**DATA**
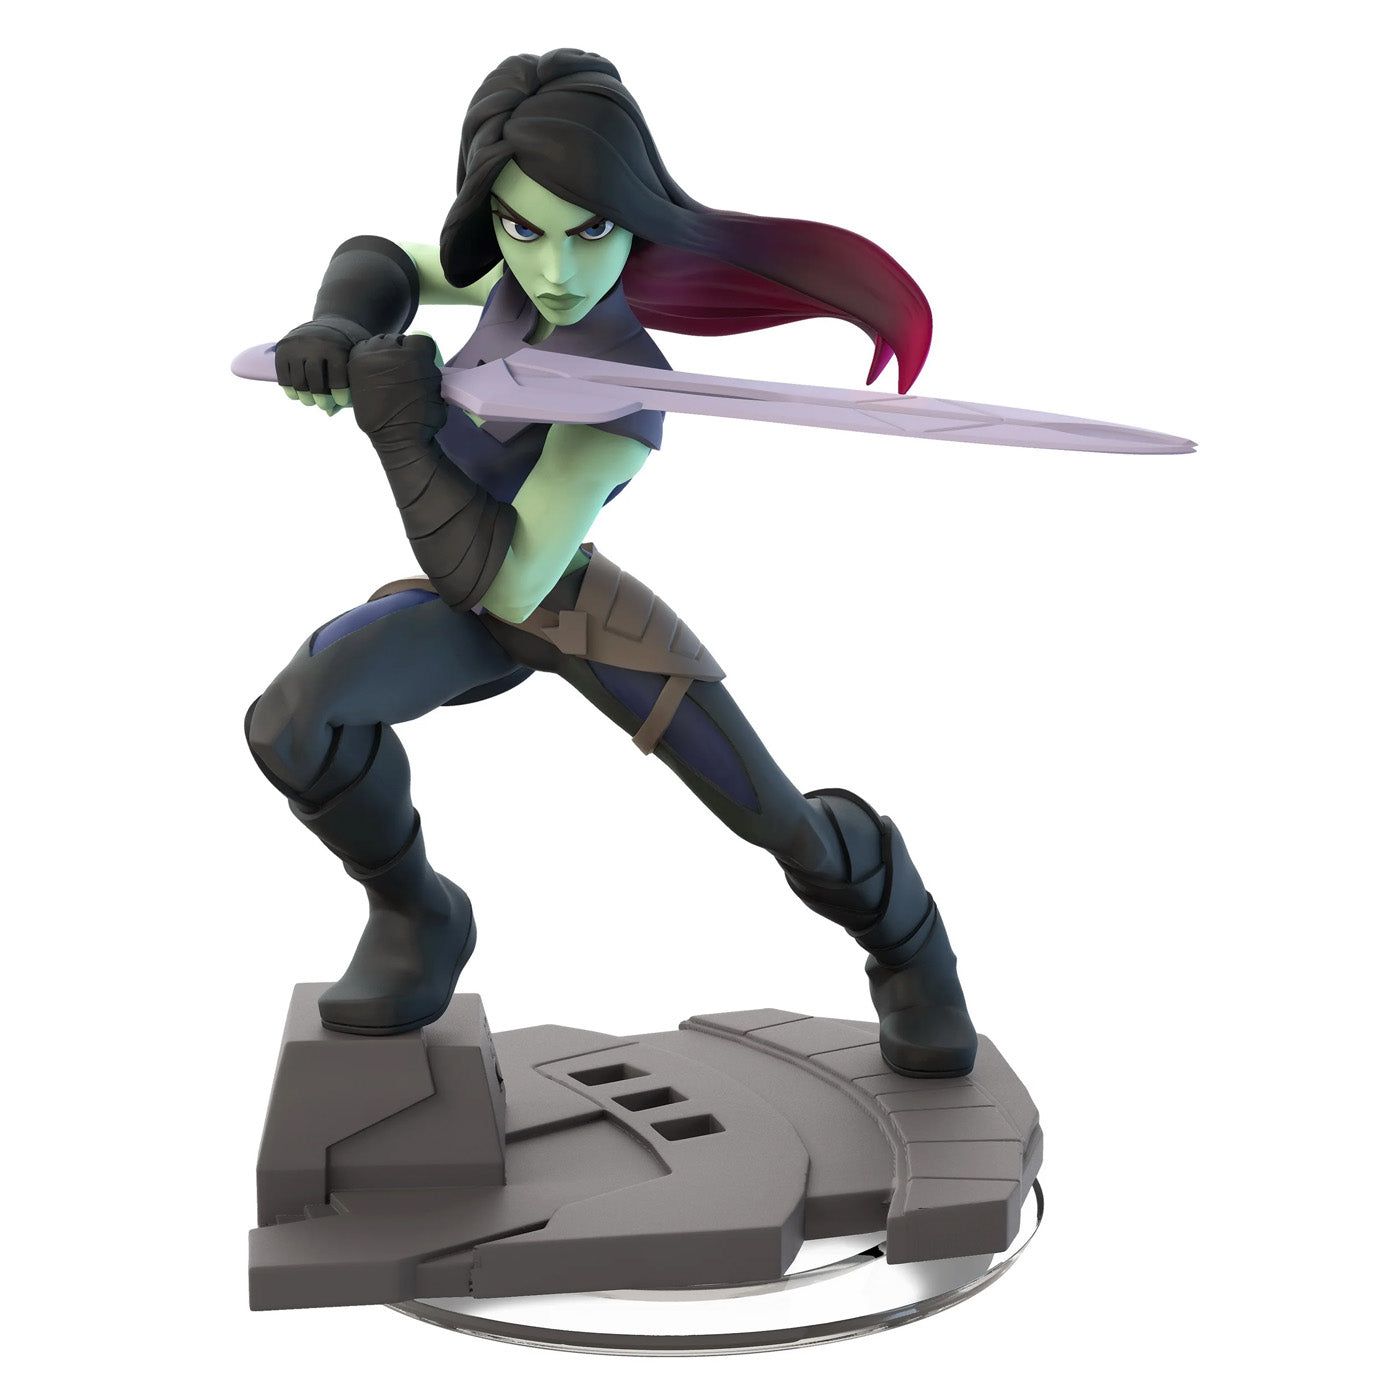 Disney Infinity 2.0 Character: Gamora
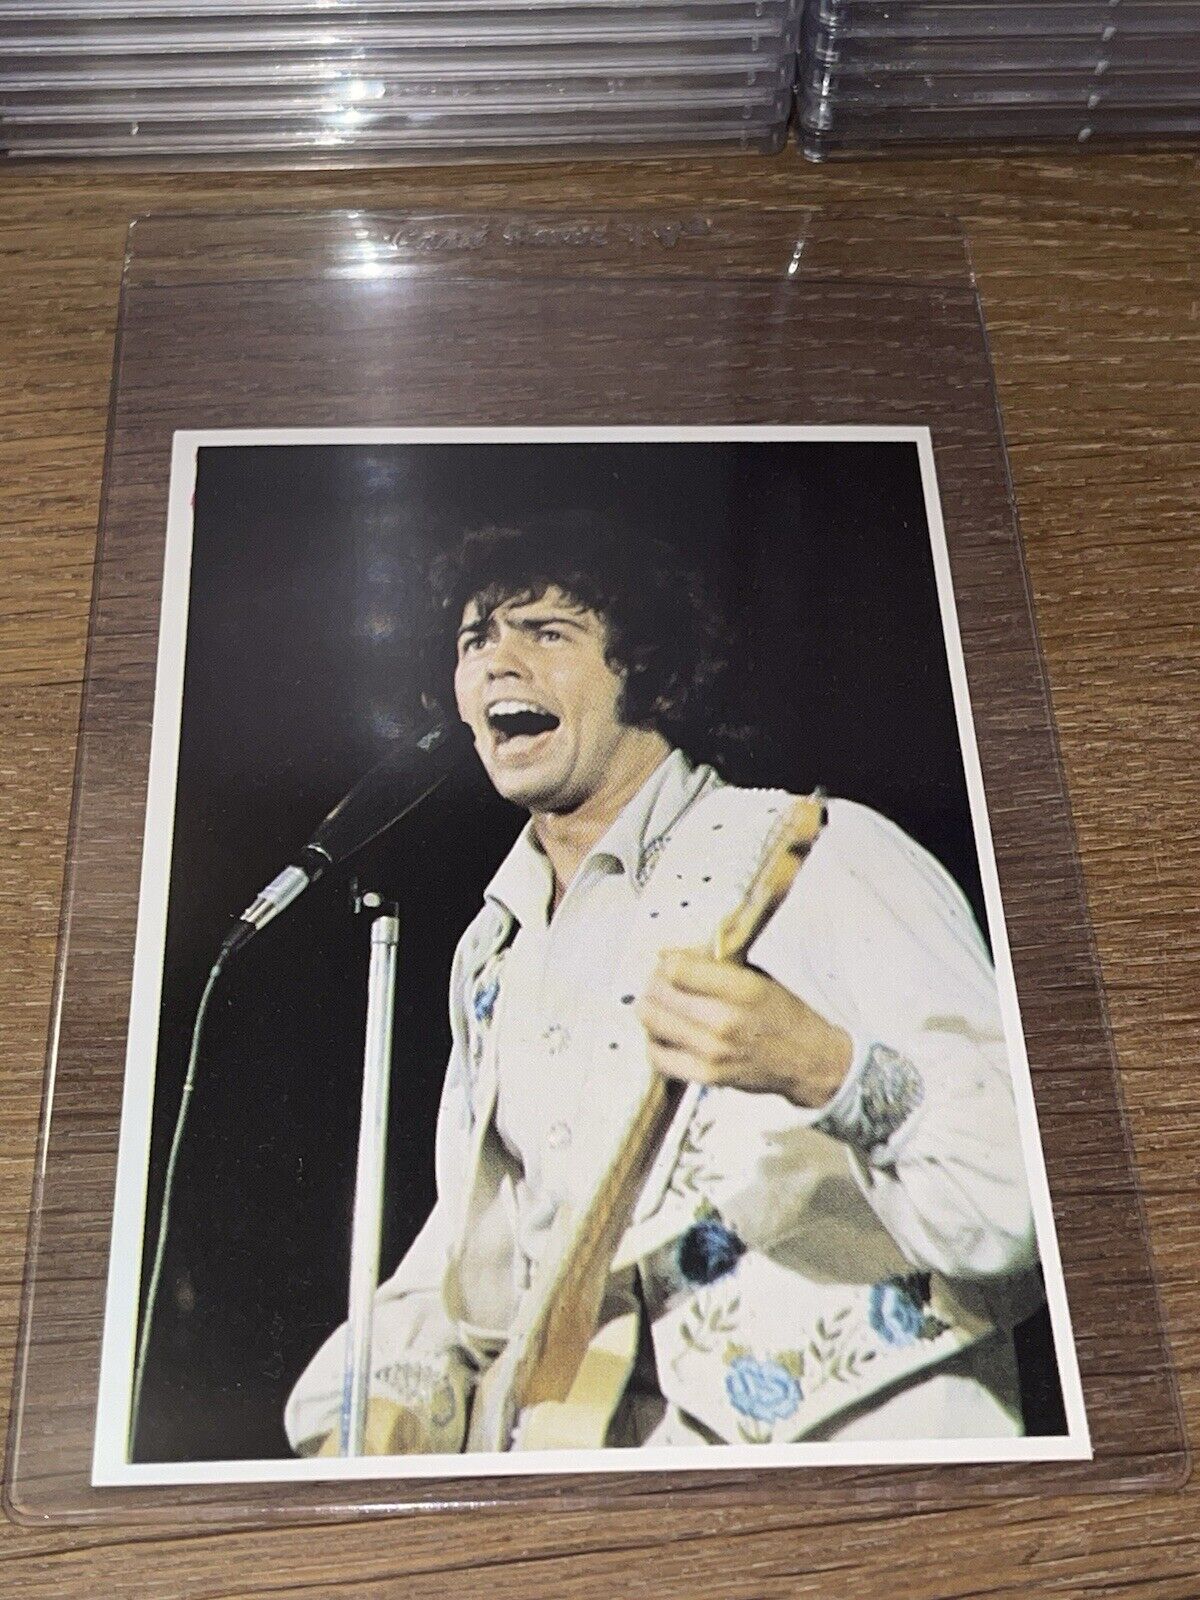 1974 The Osmonds Alan Osmond Panini 🎥 Picture Music Card Pop Sticker Card RARE
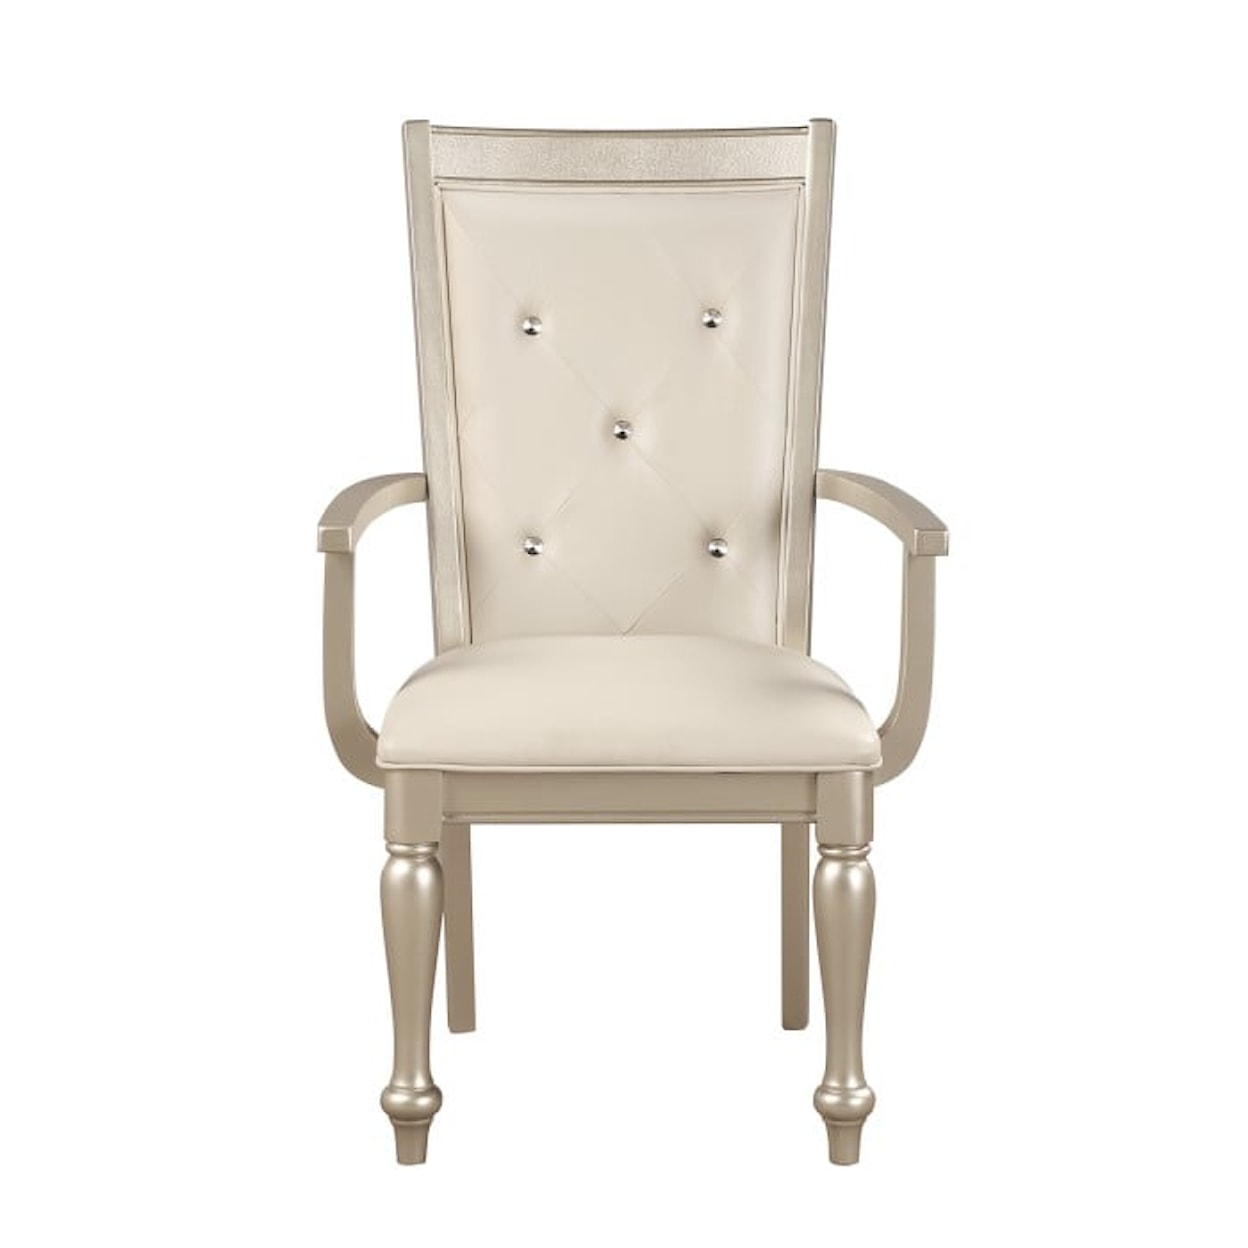 Homelegance Celandine Arm Chair
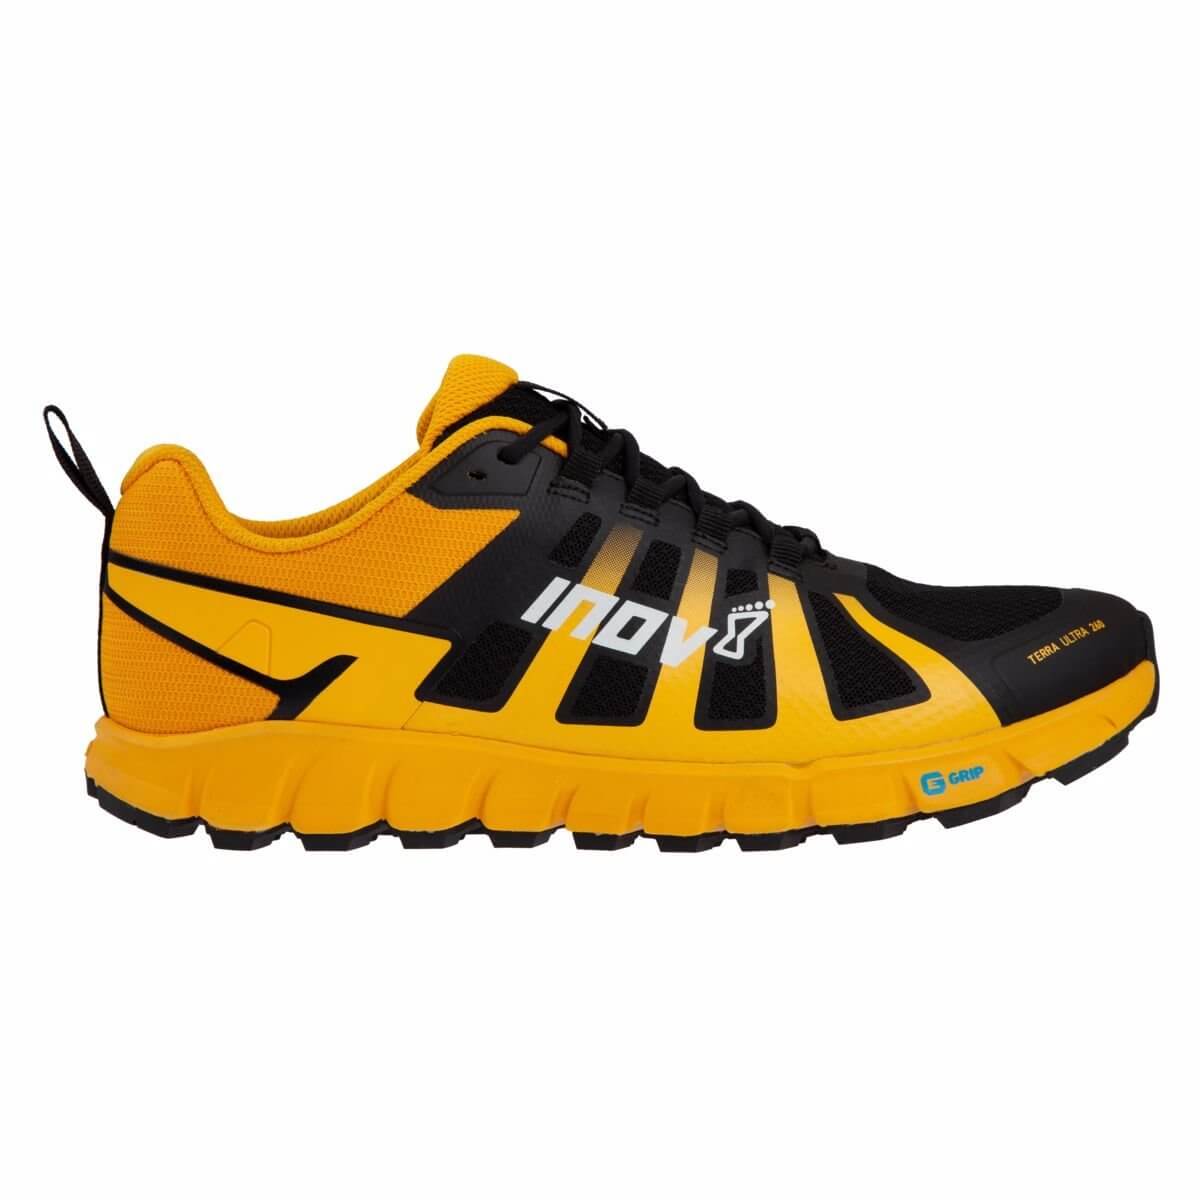 Bežecké topánky Inov-8 TERRA ULTRA 260 (S) yellow/black žlutá s černou

**ACTIVITY**
Type out the data above again exactly as written, minus the images.

**WRITTEN RESPONSE**
 Disney Infinity 2.0 Character: Gamora
 1974 The Osmonds Alan Osmond Panini 🎥 Picture Music Card Pop Sticker Card RARE
 Homelegance Celandine Arm Chair
 Bežecké topánky Inov-8 TERRA ULTRA 260 (S) yellow/black žlutá s černou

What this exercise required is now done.